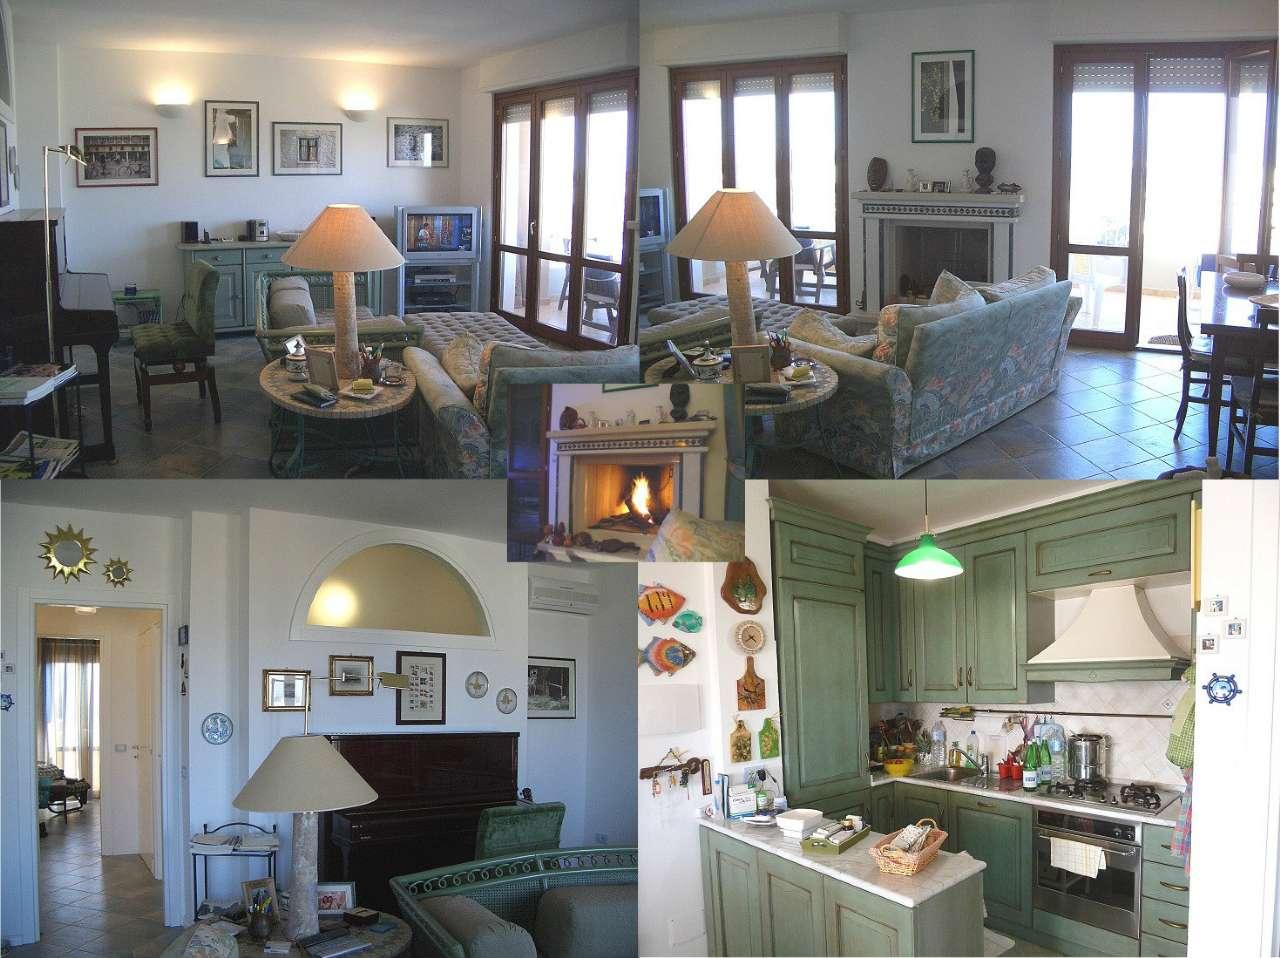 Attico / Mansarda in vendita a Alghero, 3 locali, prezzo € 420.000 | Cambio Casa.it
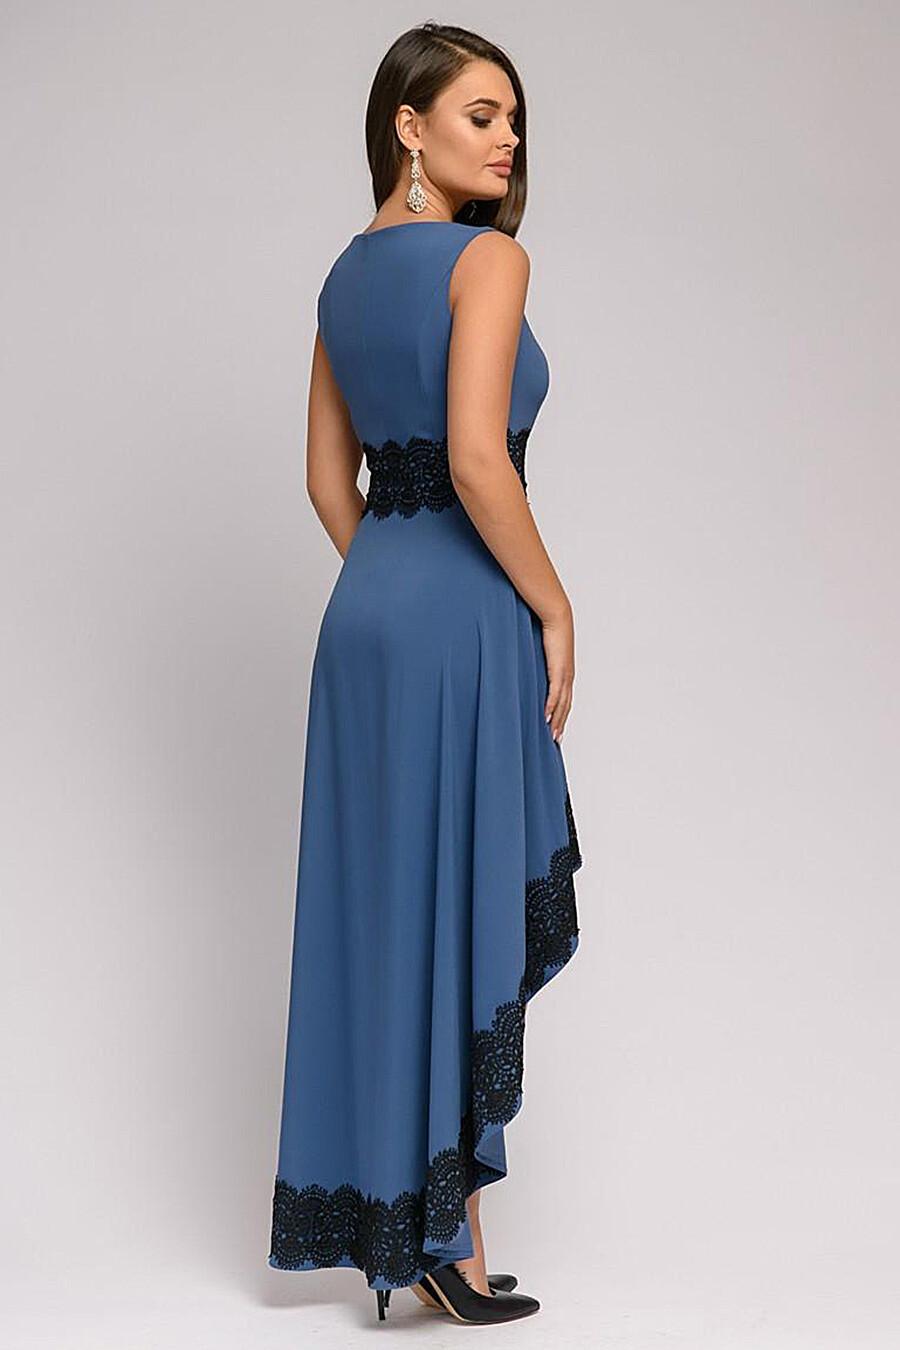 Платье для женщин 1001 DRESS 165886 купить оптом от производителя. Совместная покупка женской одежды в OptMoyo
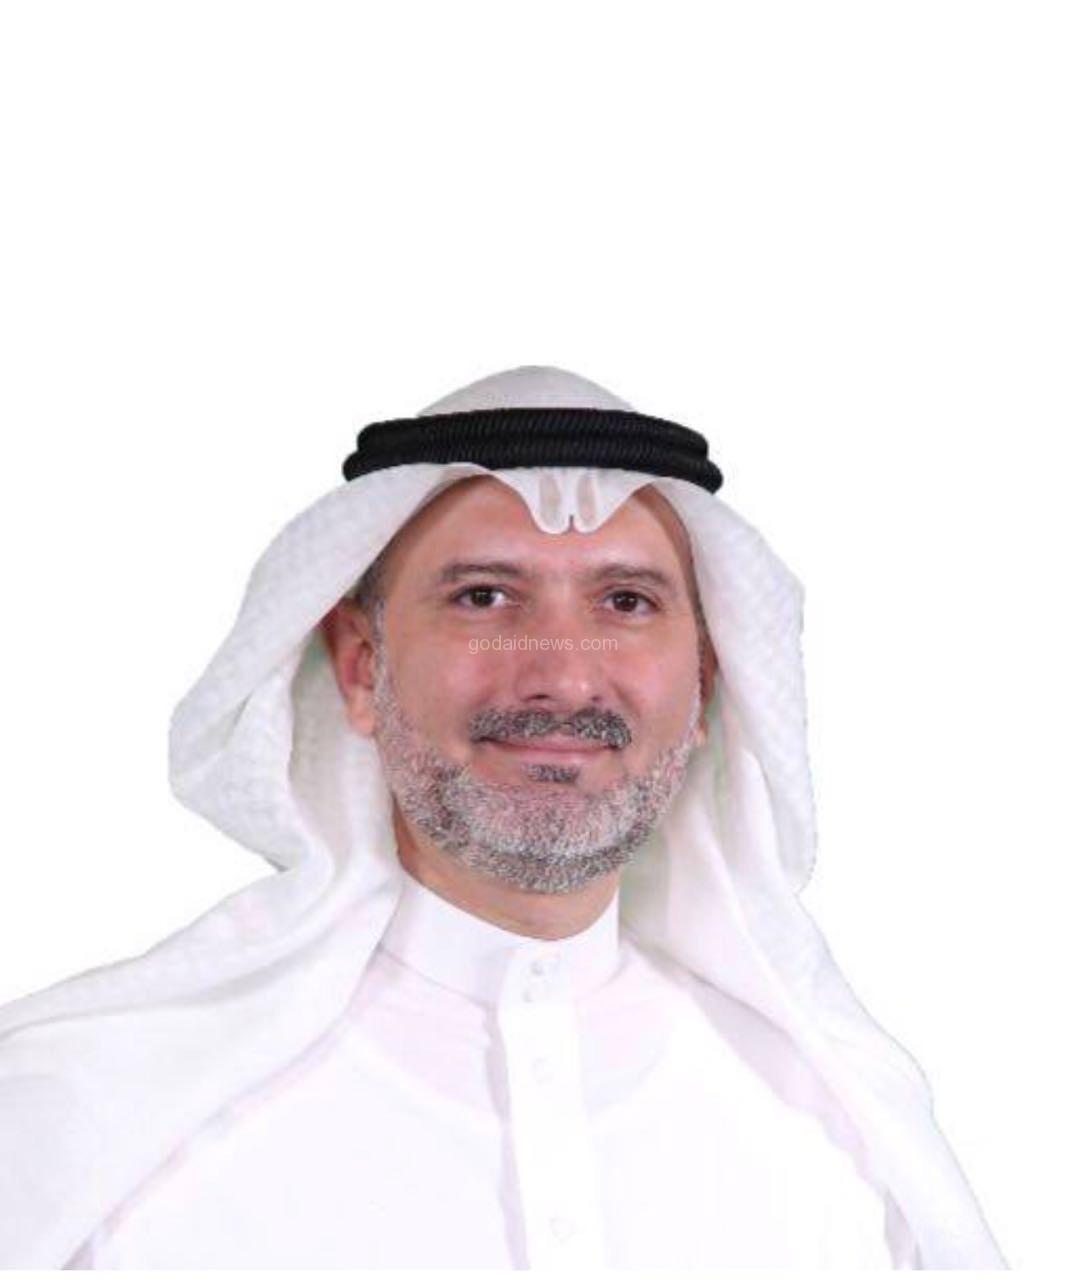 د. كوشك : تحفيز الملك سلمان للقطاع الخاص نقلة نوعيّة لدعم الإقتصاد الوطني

══════

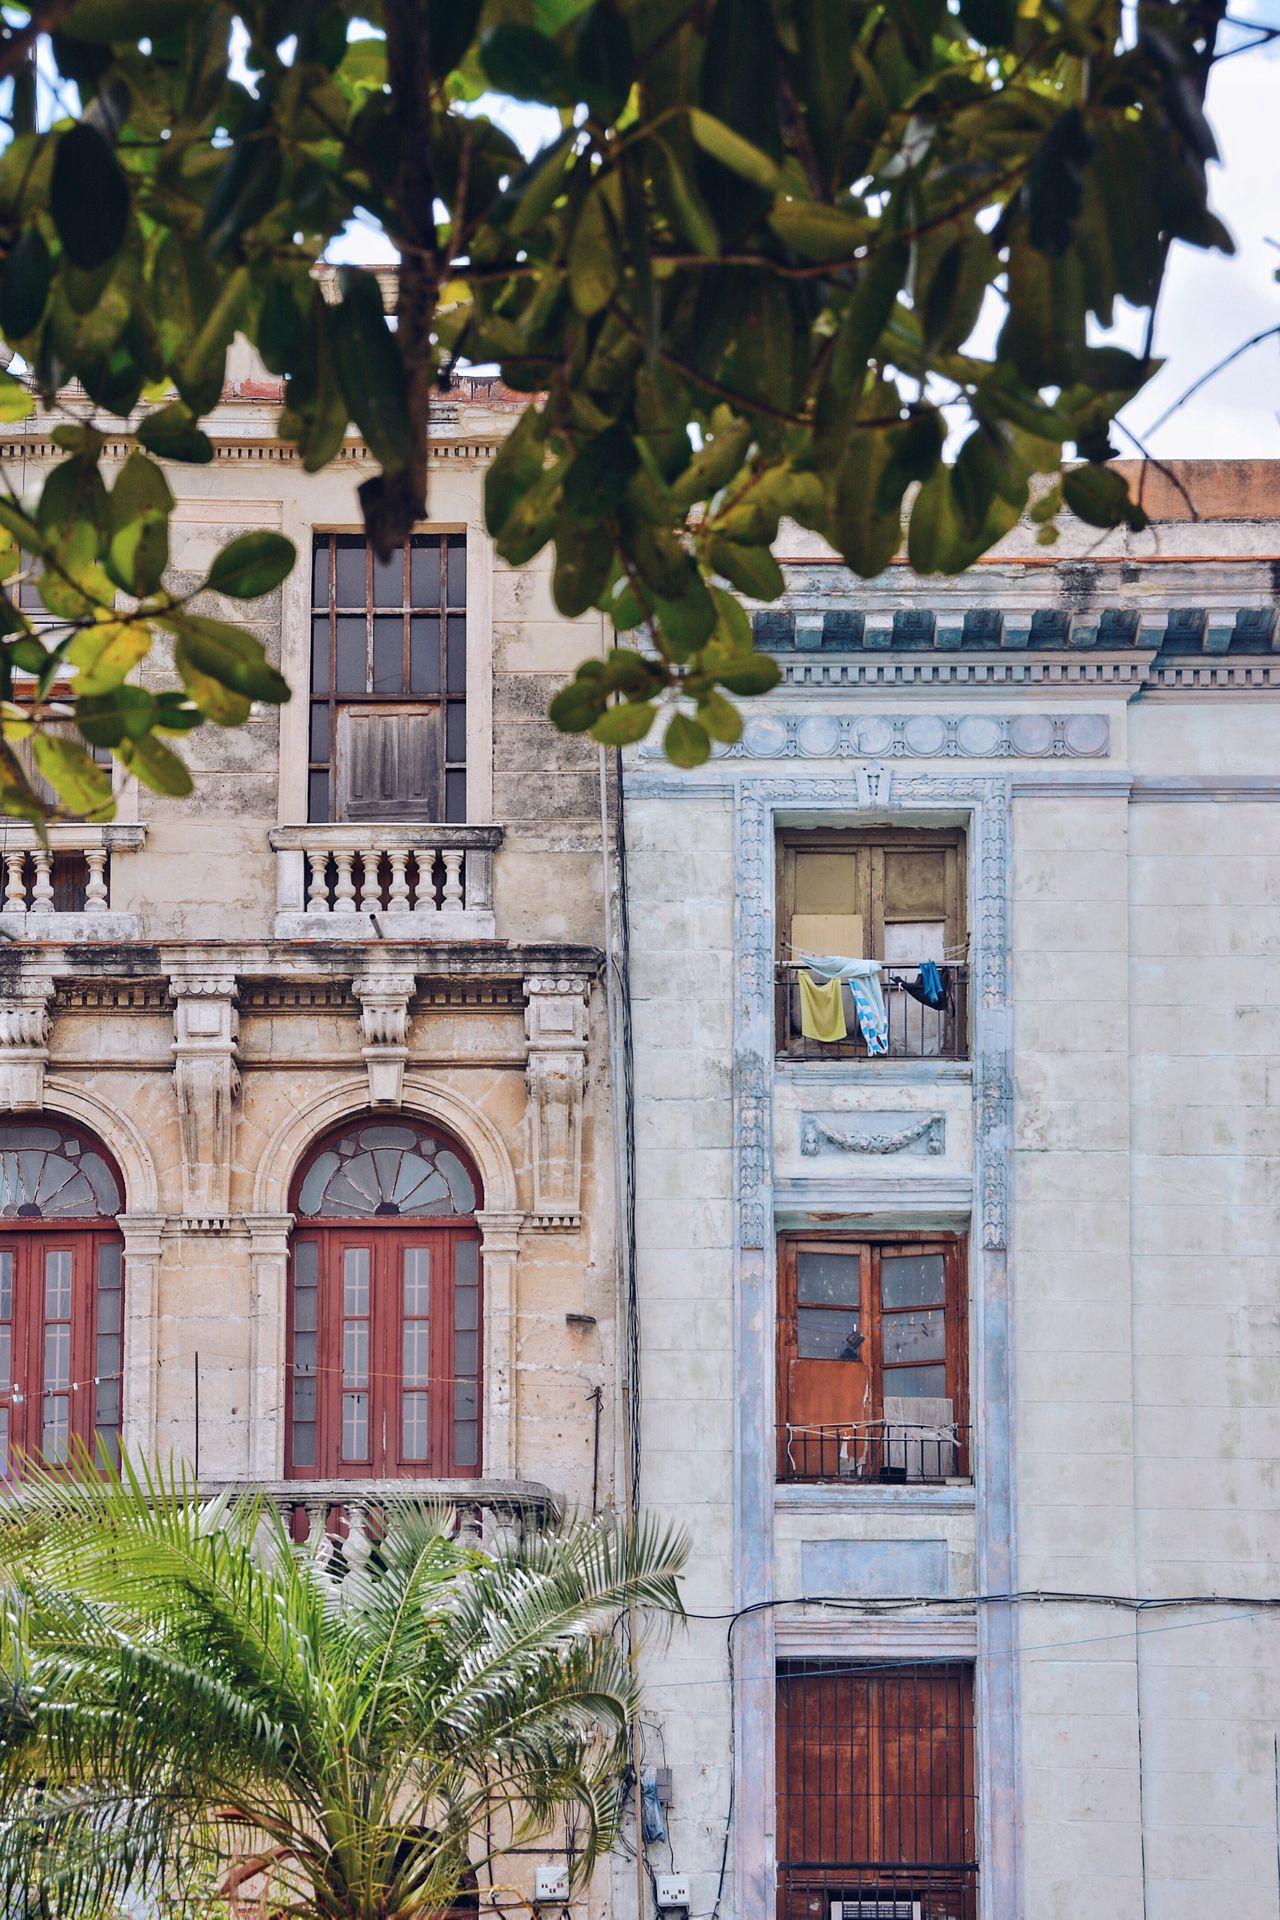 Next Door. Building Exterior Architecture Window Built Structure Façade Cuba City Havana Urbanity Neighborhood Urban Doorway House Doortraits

══════

→ **Exercise details**:
Pictures do not belong in the answer. Return the lines above starting at the one with "Attico / Mansarda" and ending at the one with "د. كوشك : تحفيز", both kept, exactly.

→ **Exercise response**:
 Attico / Mansarda in vendita a Alghero, 3 locali, prezzo € 420.000 | Cambio Casa.it
 Платье для женщин 1001 DRESS 165886 купить оптом от производителя. Совместная покупка женской одежды в OptMoyo
 د. كوشك : تحفيز الملك سلمان للقطاع الخاص نقلة نوعيّة لدعم الإقتصاد الوطني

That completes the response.